• EXERCISE:
Return the following data exactly, with all pictures left out.

• RECORDED DATA:
- - -

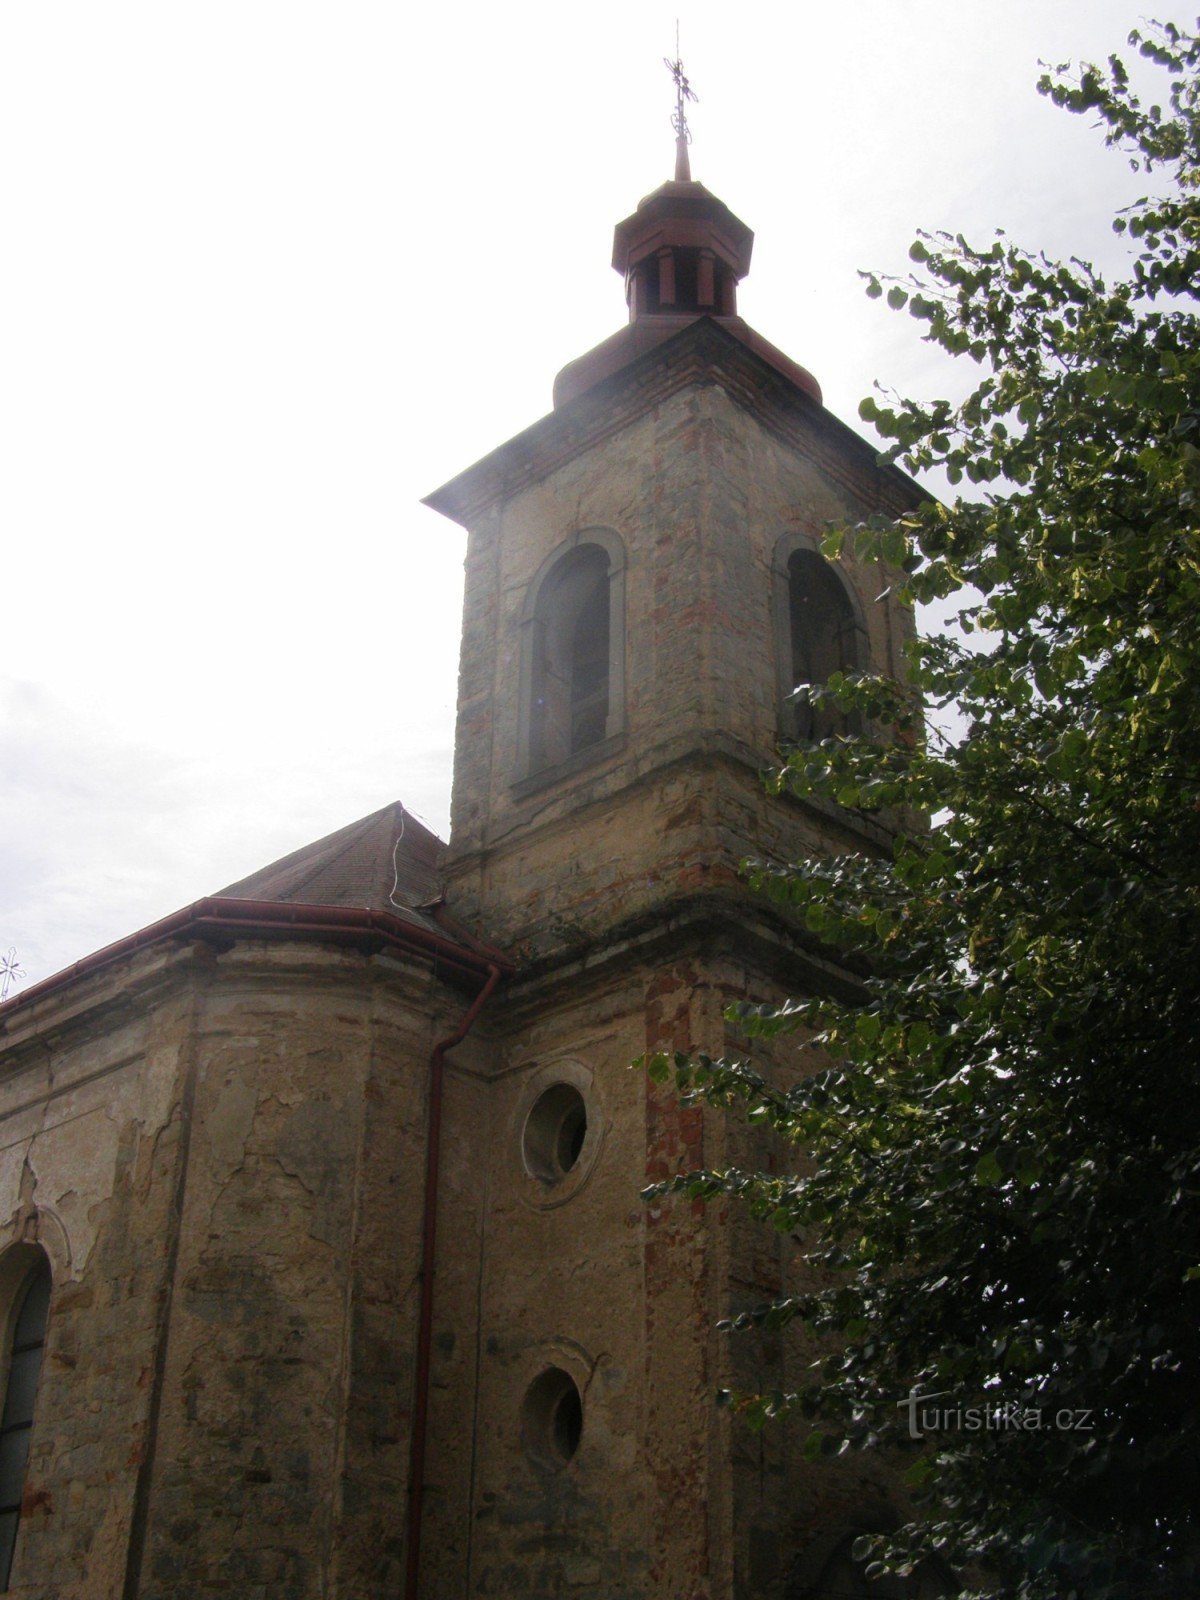 Dolany (JC) - Iglesia de St. mateo
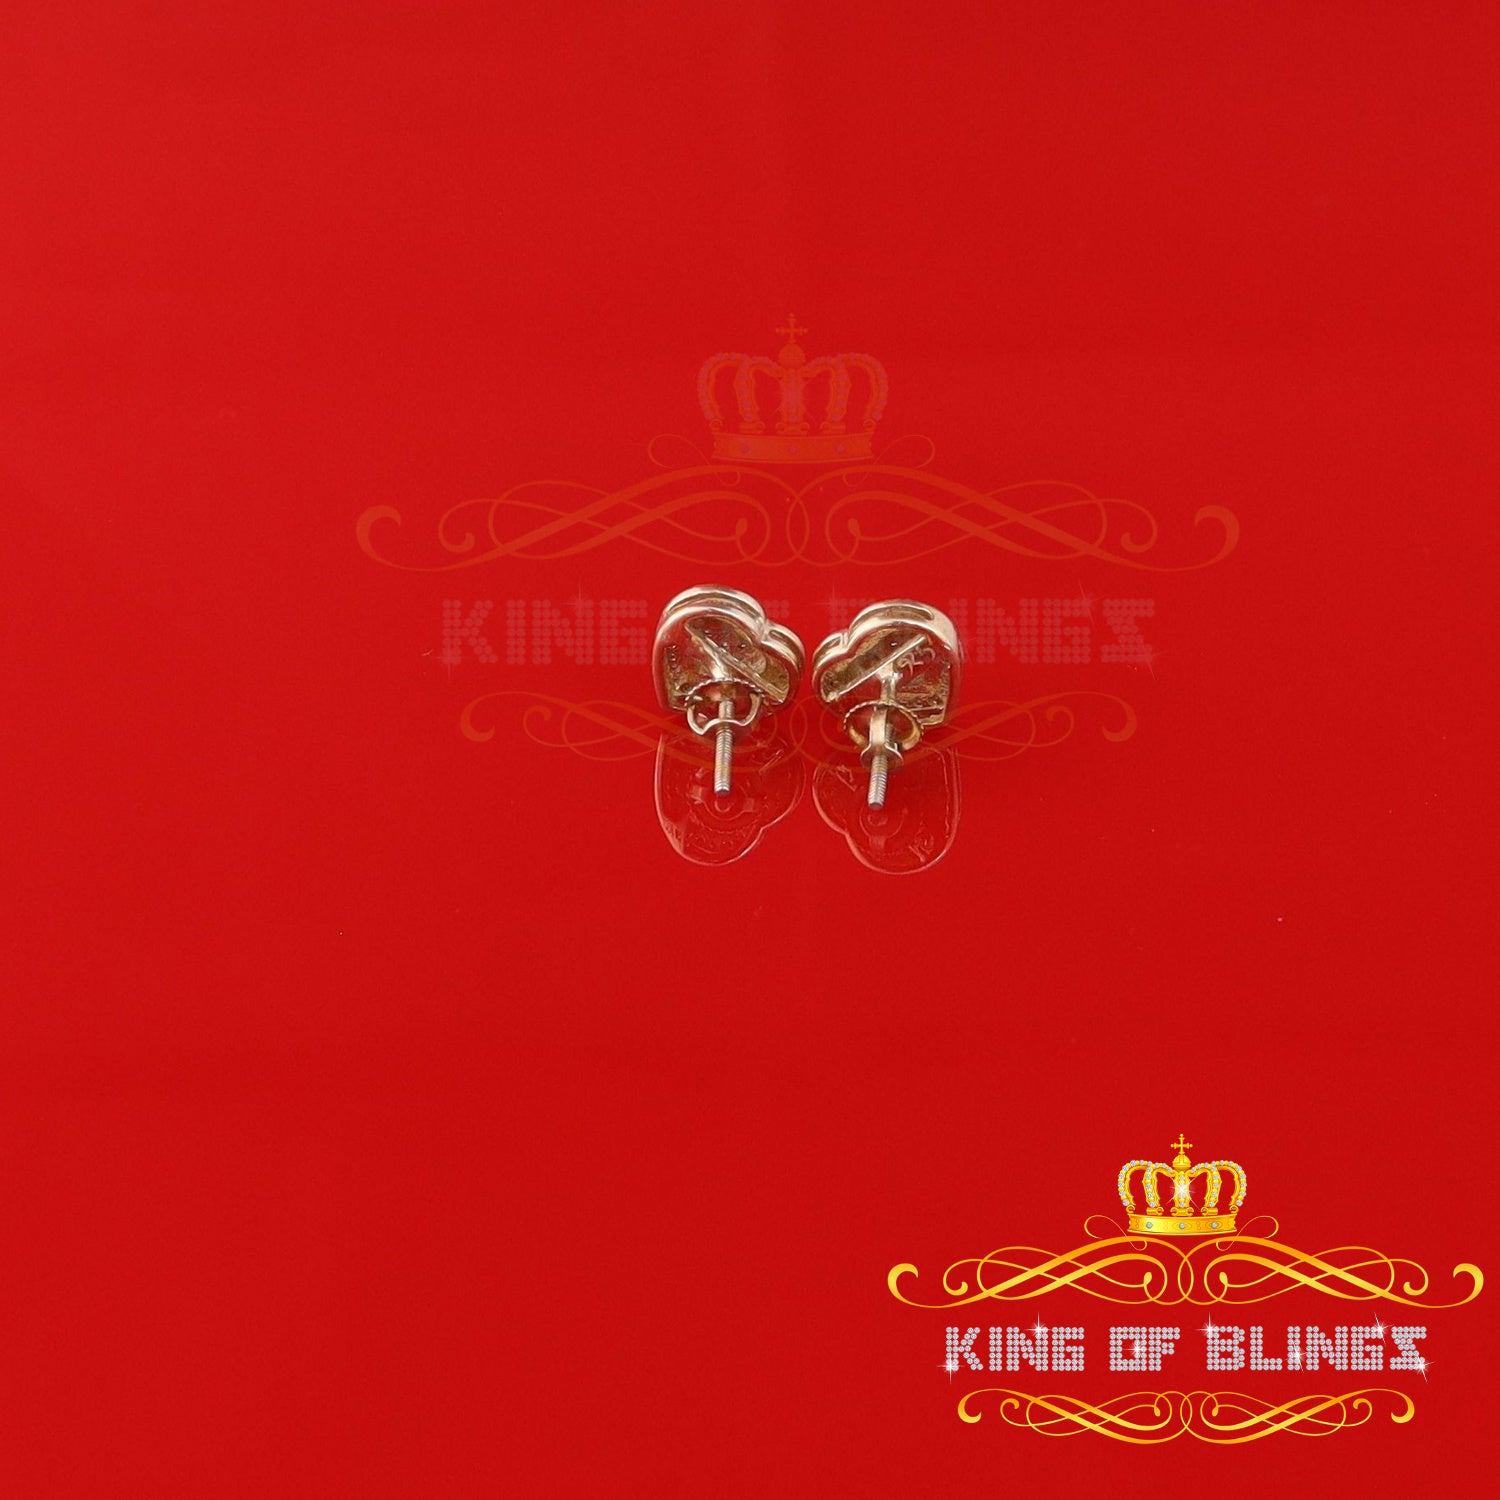 King of Blings-0.10ct Diamond Heart Earring Yellow 925 Sterling Silver Stud For Men's & Women's KING OF BLINGS
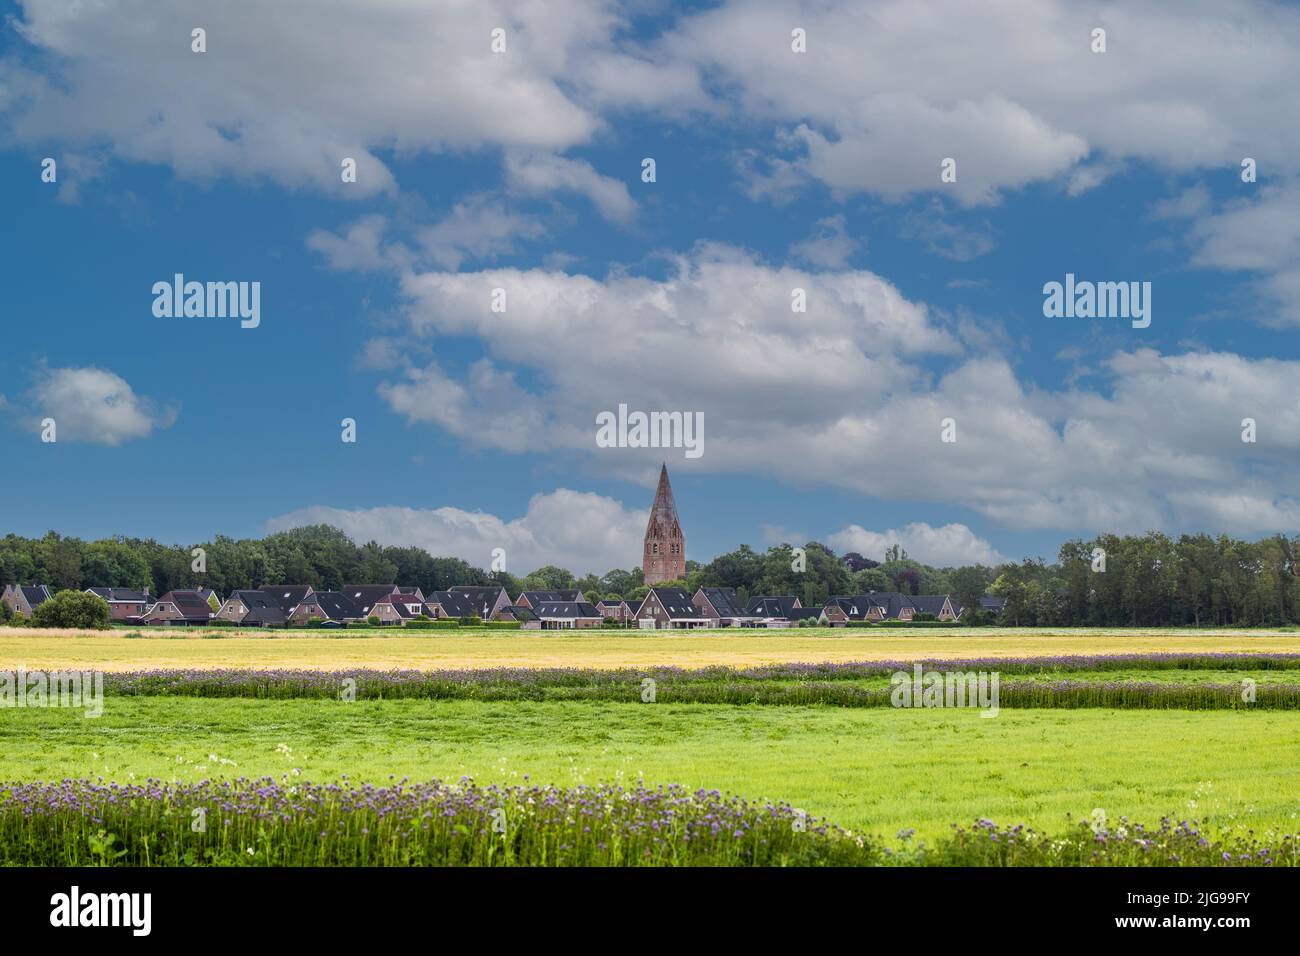 Paesaggio della provincia olandese di Groningen con uno skyline del villaggio di Schildwolde con case e un distaccato cosiddetto Juffertoren, una chiesa t Foto Stock
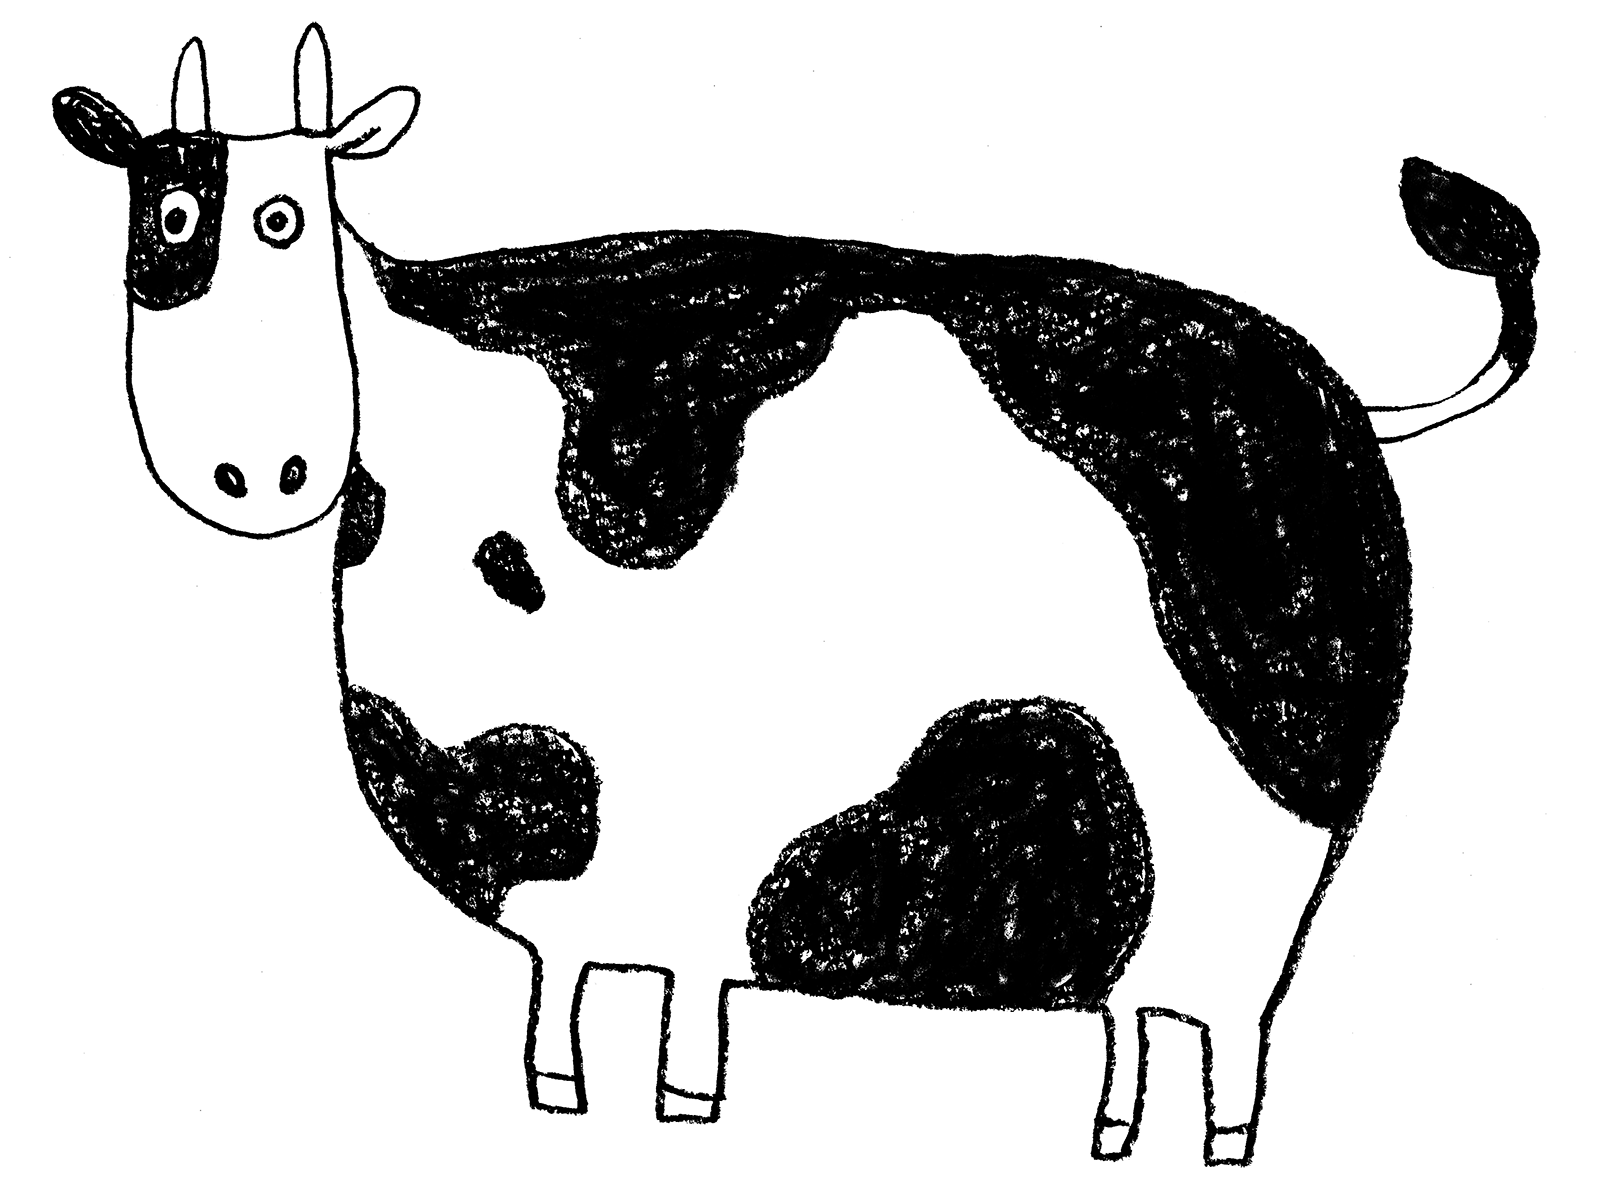 ゆるかわいい牛のイラスト 丑 21年干支 横向き 全身 えんぴつと画用紙

- - -

• THE ANSWER:
 Dolany (JC) - Iglesia de St. mateo
 King of Blings-0.10ct Diamond Heart Earring Yellow 925 Sterling Silver Stud For Men's & Women's KING OF BLINGS
 Paesaggio della provincia olandese di Groningen con uno skyline del villaggio di Schildwolde con case e un distaccato cosiddetto Juffertoren, una chiesa t Foto Stock
 ゆるかわいい牛のイラスト 丑 21年干支 横向き 全身 えんぴつと画用紙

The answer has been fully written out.